In 2008, he became a visiting assistant professor at Oberlin College, teaching painting fundamentals, figure painting, portrait painting, and intermediate drawing classes. He worked there until 2013. Since August 2014, he has served as the Visual Arts Teacher and the Director of the School of Fine Arts at Lake Ridge Academy.

== Artistic approach ==
Callaghan's work is composed of daily observations of the buildings and the modern Midwest landscape around him, specifically Northeast Ohio. He uses mediums such as pencil, ink, watercolor, and gouache on paper, and paints en plein air. Gouache is his medium of choice.

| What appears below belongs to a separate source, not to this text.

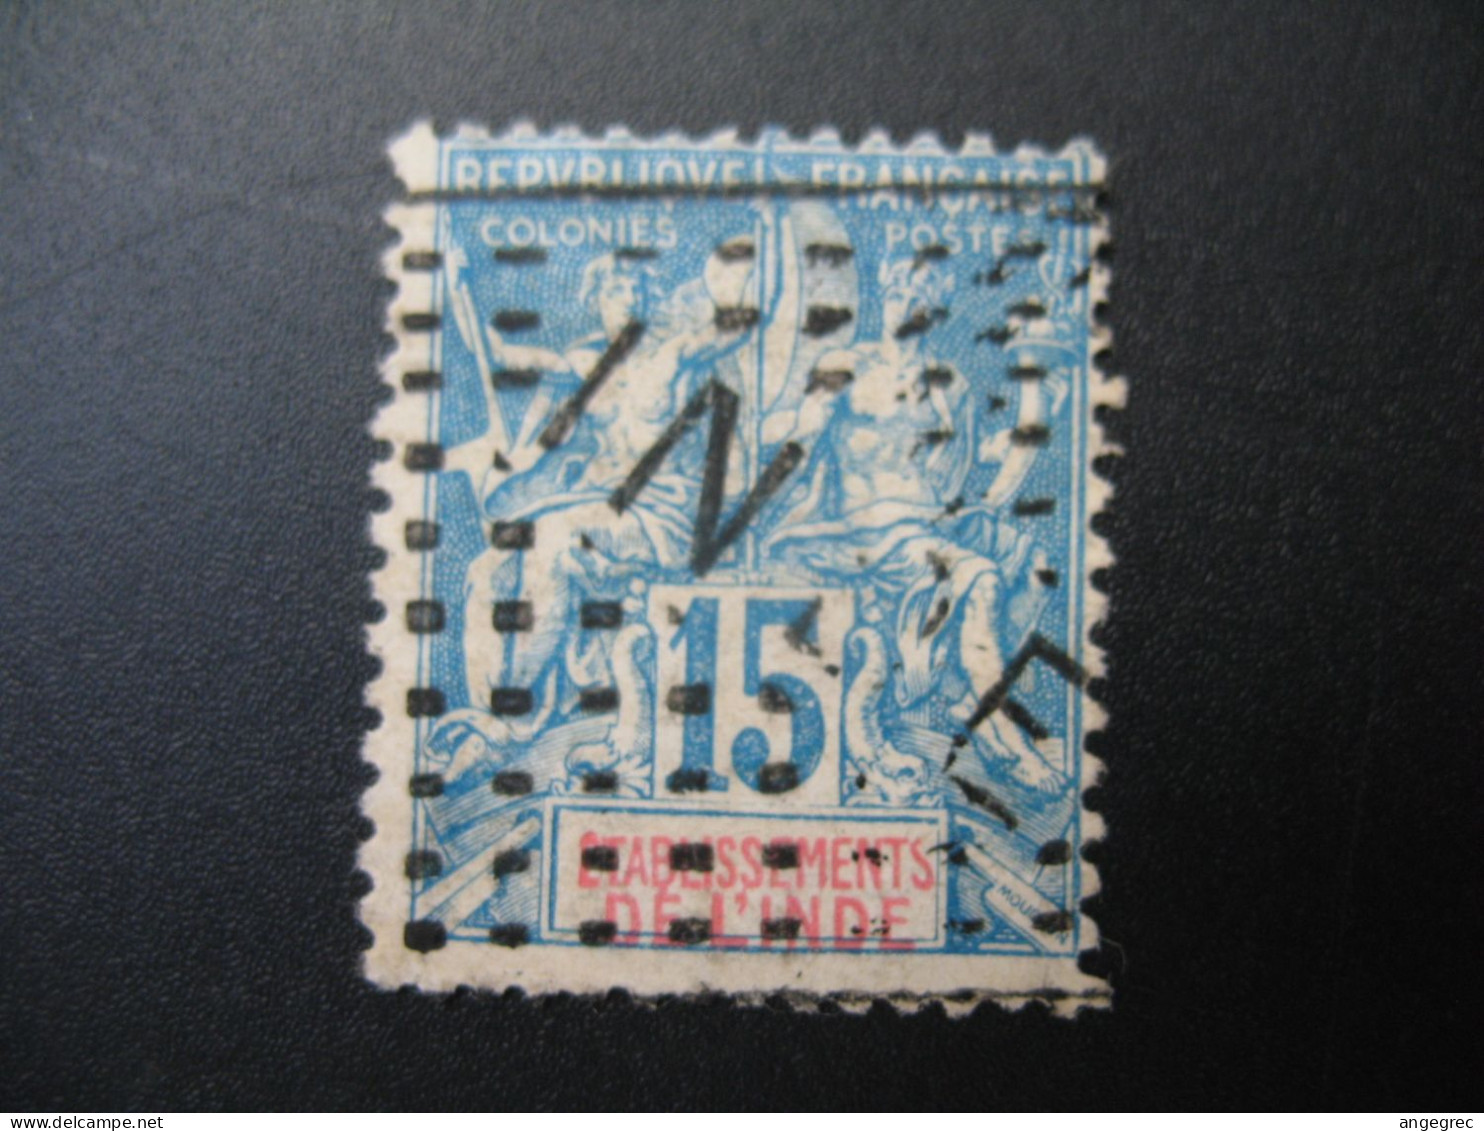 Inde Française Karikal Stamps French Colonies N° 6 Neuf * NSG Maury à Voir - Used Stamps

Callaghan typically starts painting his observations on site with a sketchbook in ink, then makes a larger, finished piece in his studio from the sketchbook in gouache. He thinks of photography as a tool, implementing it into his work as a complementary piece. The artist thinks of his workflow in thirds: the first third needing direct observation, and the second third can use a mechanical tool, like photography.

His philosophy is that when we observe a subject for a prolonged period of time, it continuously transforms our perspective about it as we continue to observe. The artist attributed this way of thinking to what first attracted him to painting.

One of the reasons Callaghan transitioned away from his older style, working with oil, is because he thinks the idea of the paper being more fragile and being unable to scrape mistakes out and continue painting, instills a sense of discipline in him.

In 2022, journalist Shawn Mishak writing for Cleveland Scene characterized Callaghan's style as "recognizable with his signature chubby brush strokes building tonal shifts and shadow like a mosaic," while in 2012, Steven Litt said the primary appeal in his style comes from his technique, making every low-velocity brushstroke separate and distinct.